Your assignment →
Where the line holding "Dallas is a positive, get-it done city." appears, start copying, and continue exactly through the last line of the listing, skipping pictures.

Recorded data →
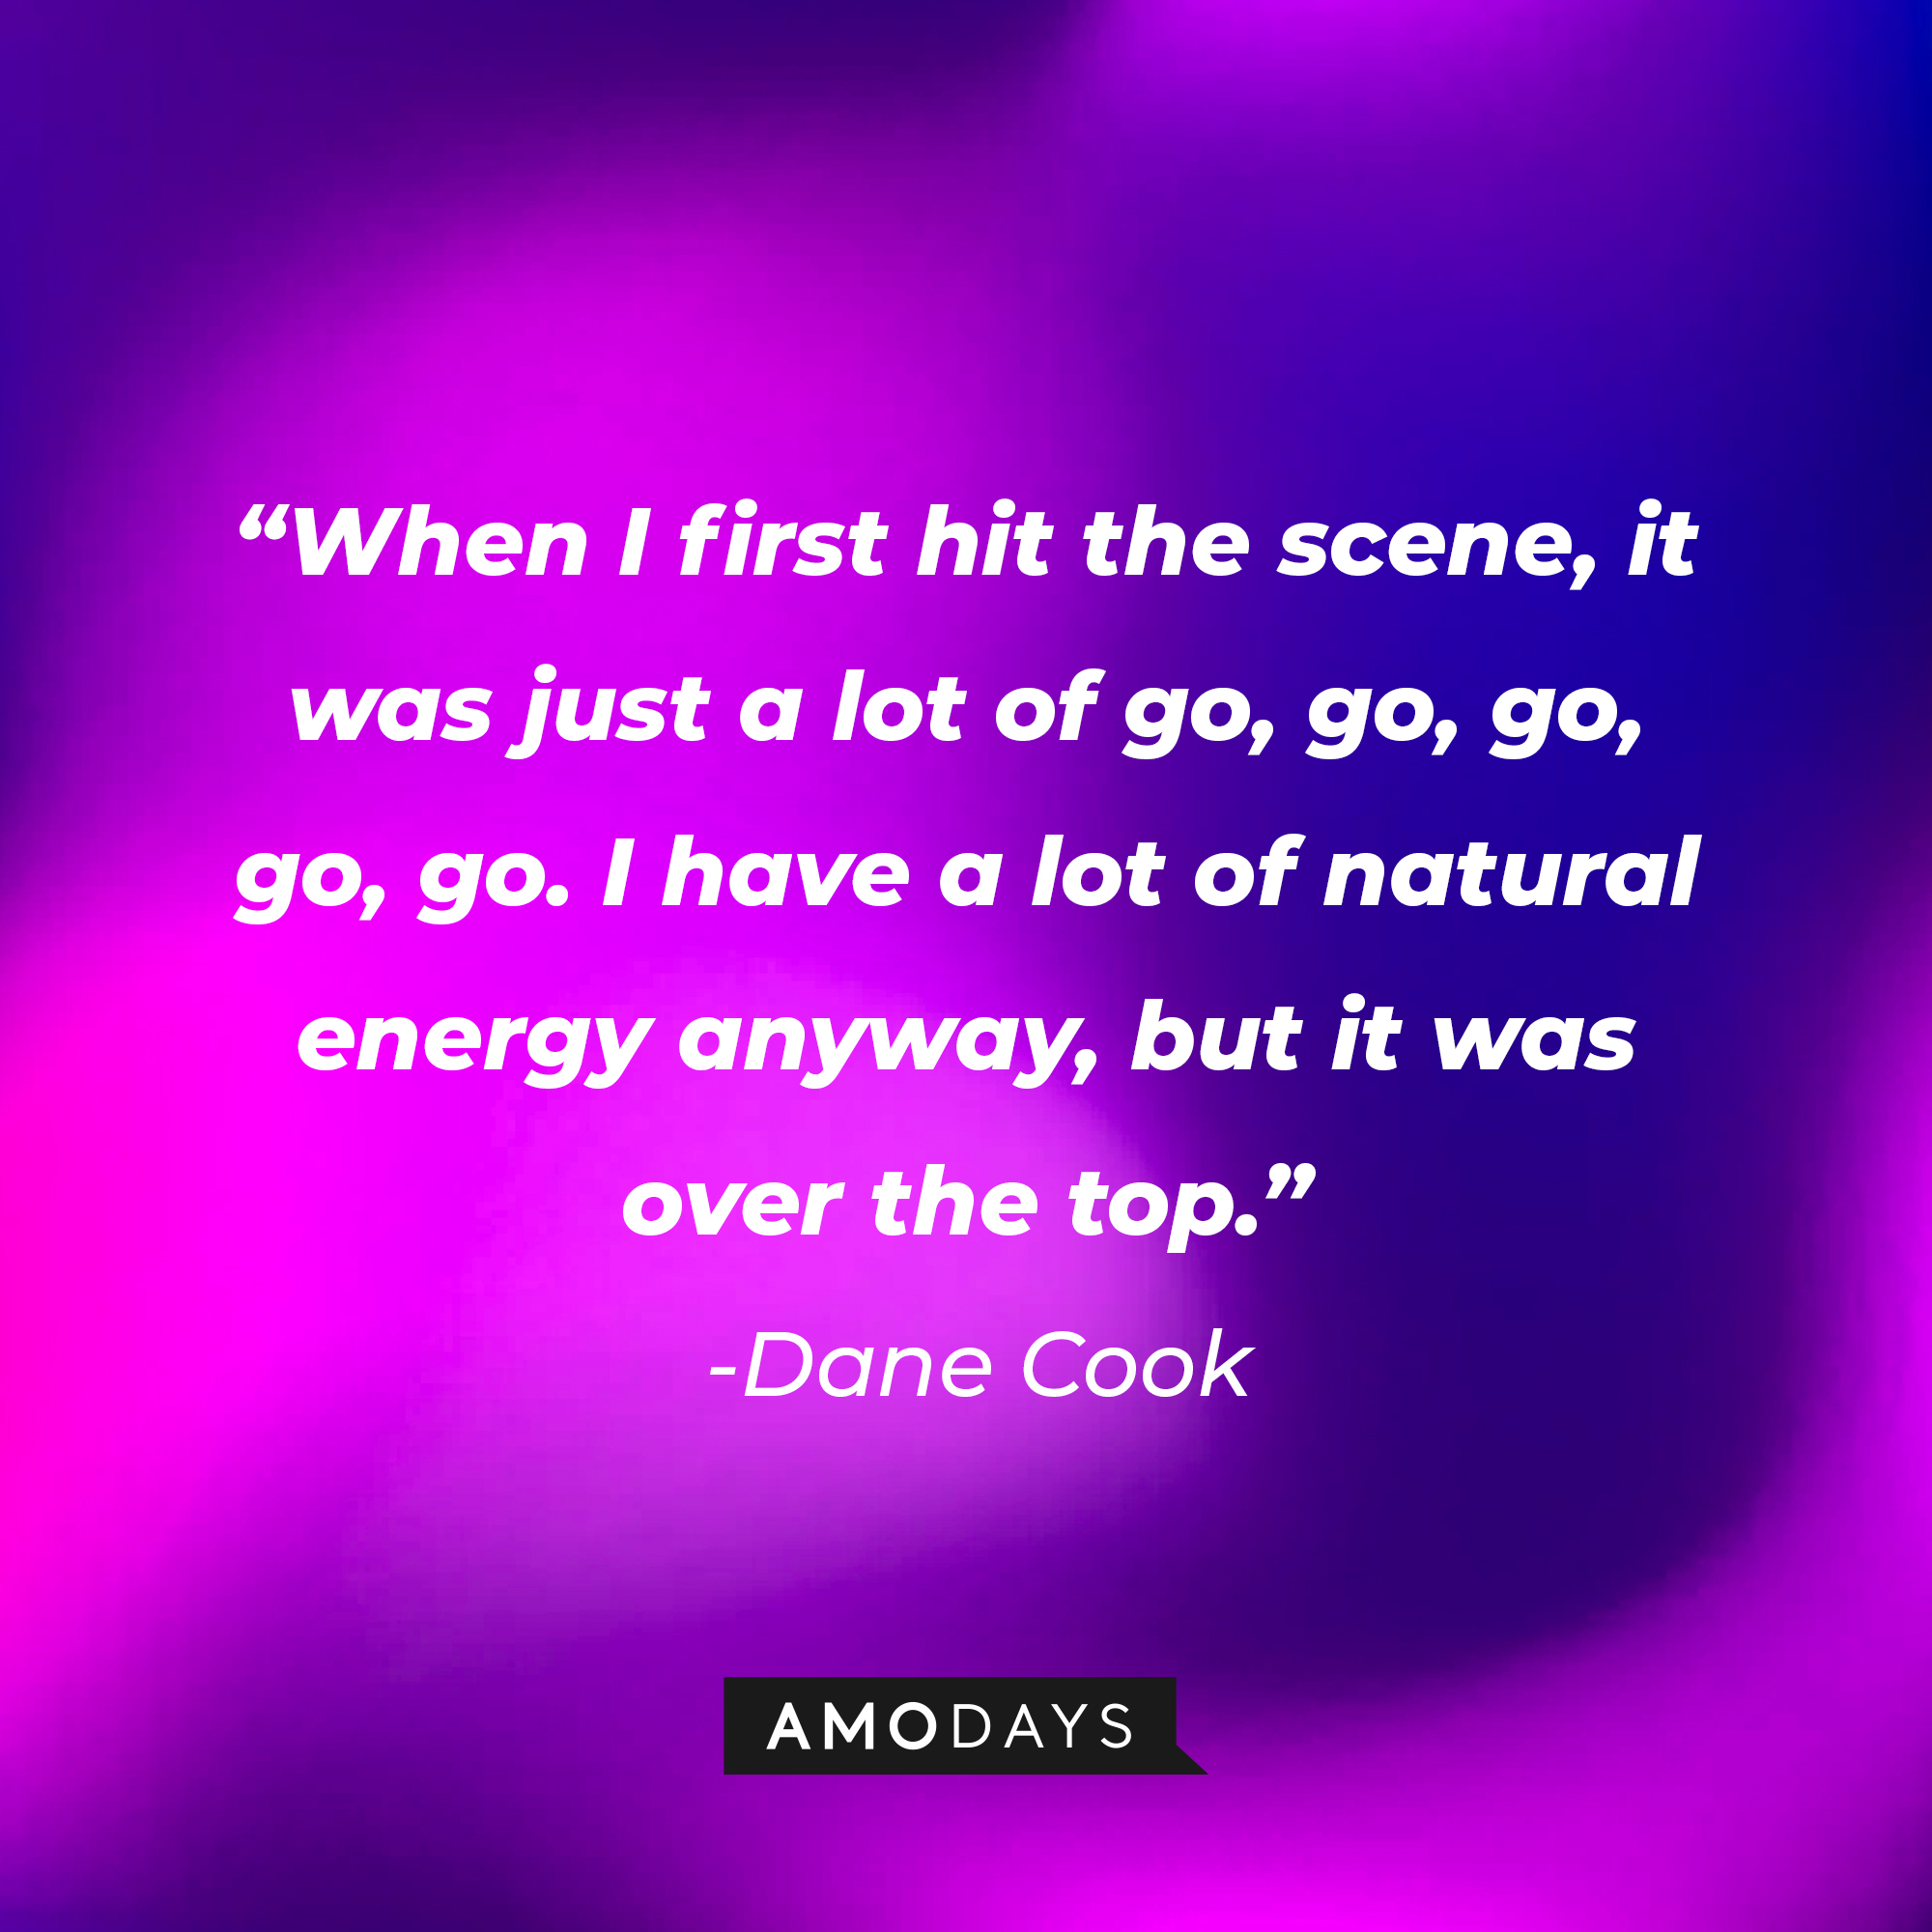 Dane Cook's quote: “When I first hit the scene, it was just a lot of go, go, go, go, go. I have a lot of natural energy anyway, but it was over the top.” | Source: Amodays
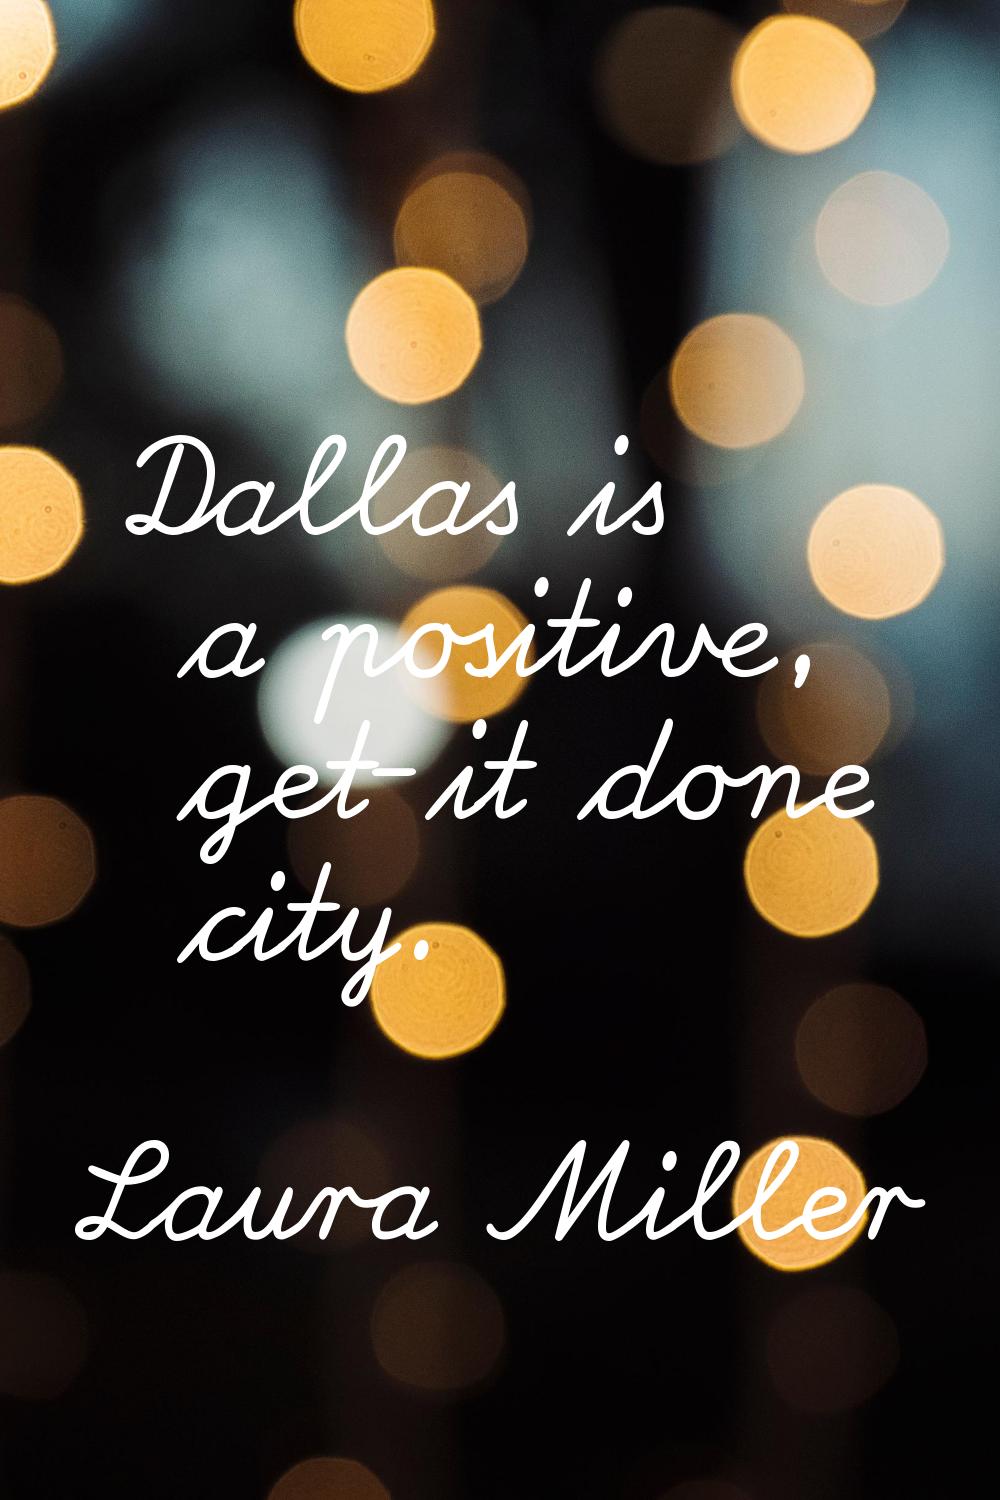 Dallas is a positive, get-it done city.
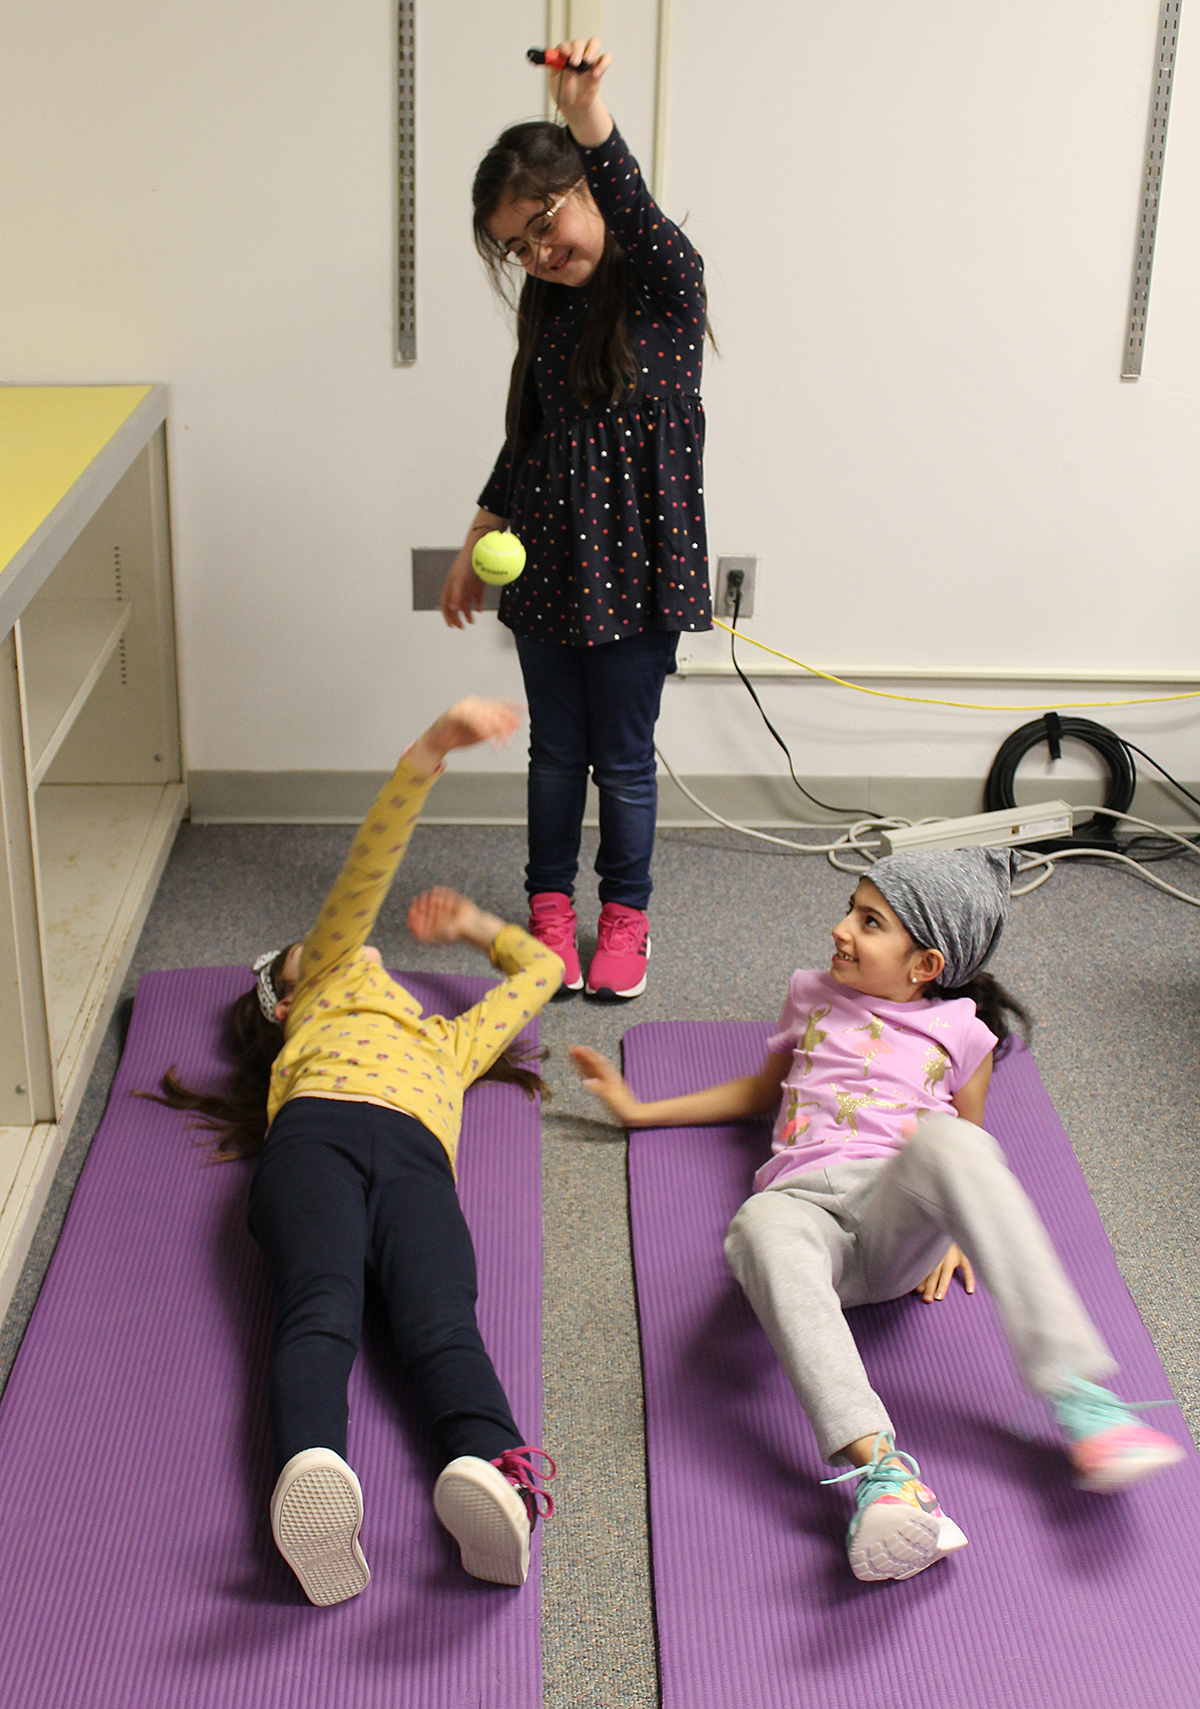 Two students laying on floor and a third student standing over them dangling a tennis ball from a string.
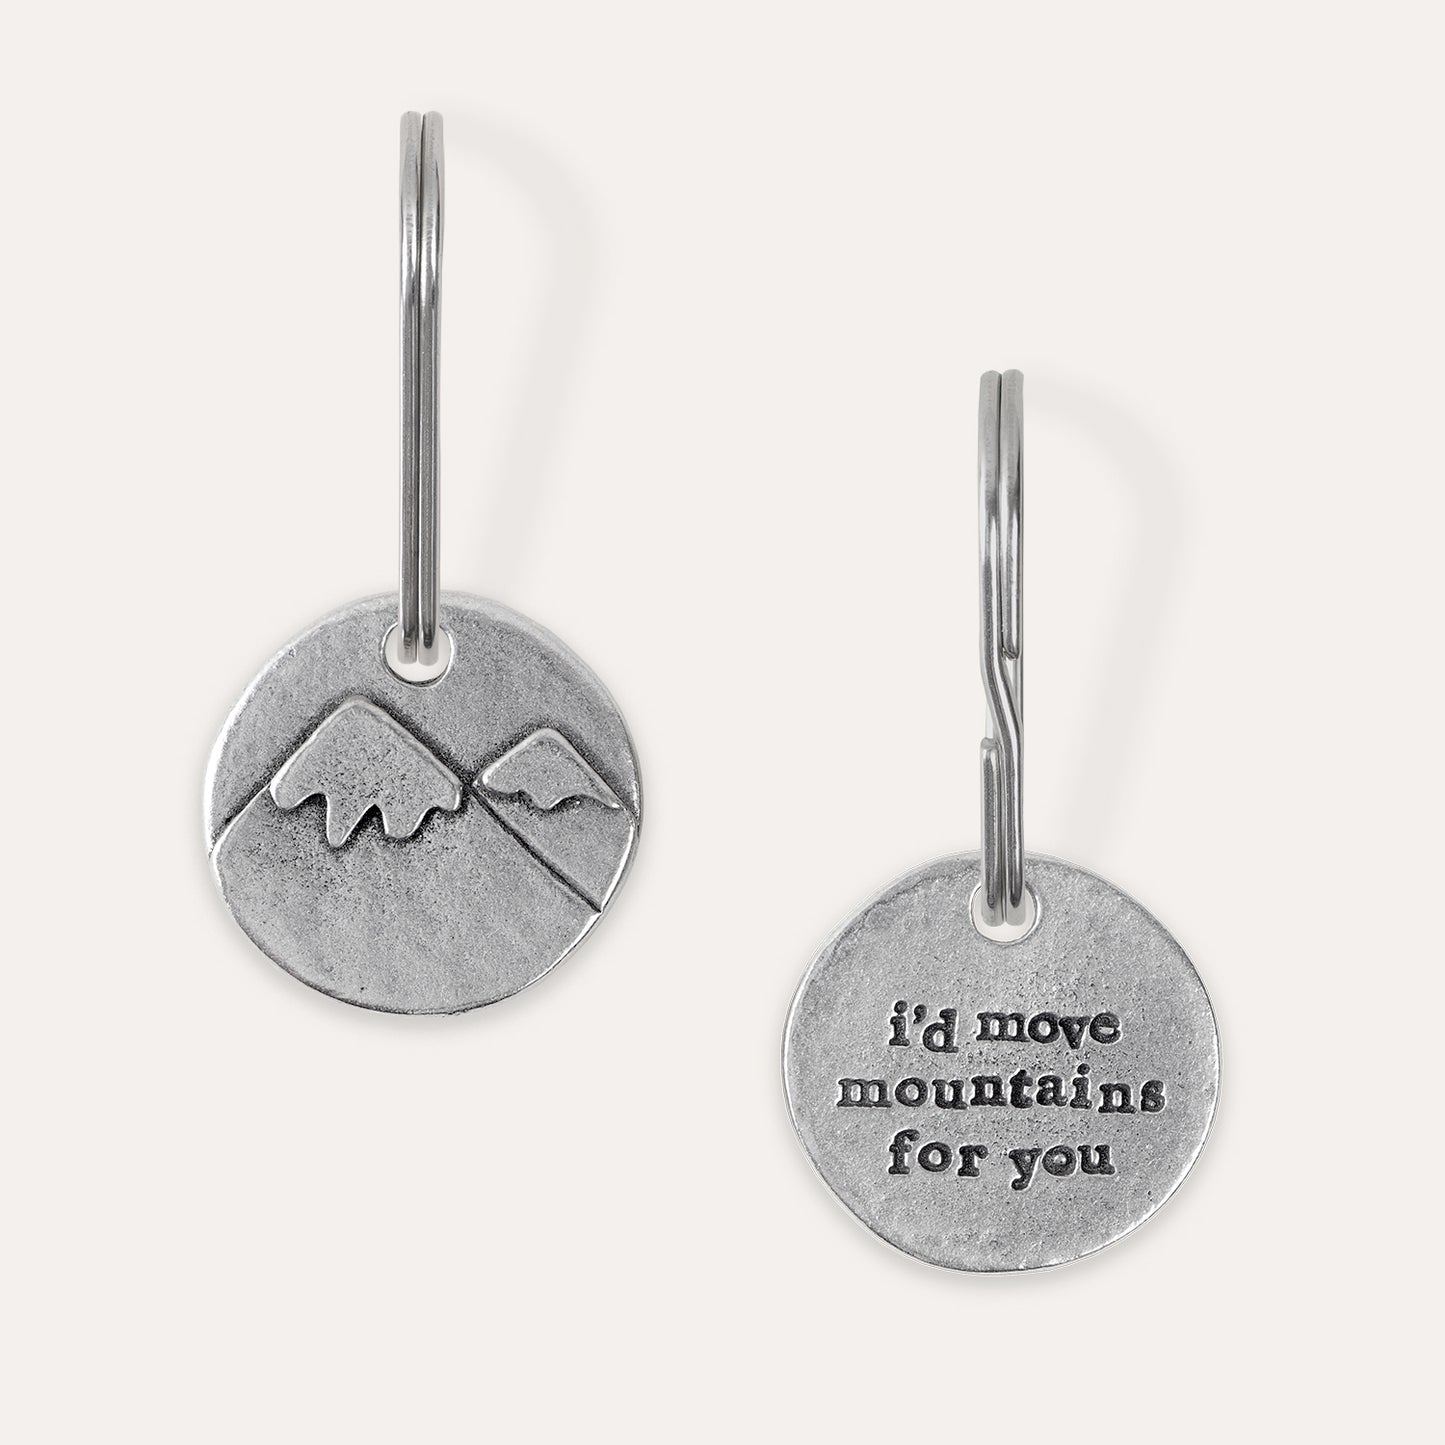 'I'd Move Mountains For You' Keyring

Result of the task →
 Dallas is a positive, get-it done city.
 Two students laying on floor and a third student standing over them dangling a tennis ball from a string.
 'I'd Move Mountains For You' Keyring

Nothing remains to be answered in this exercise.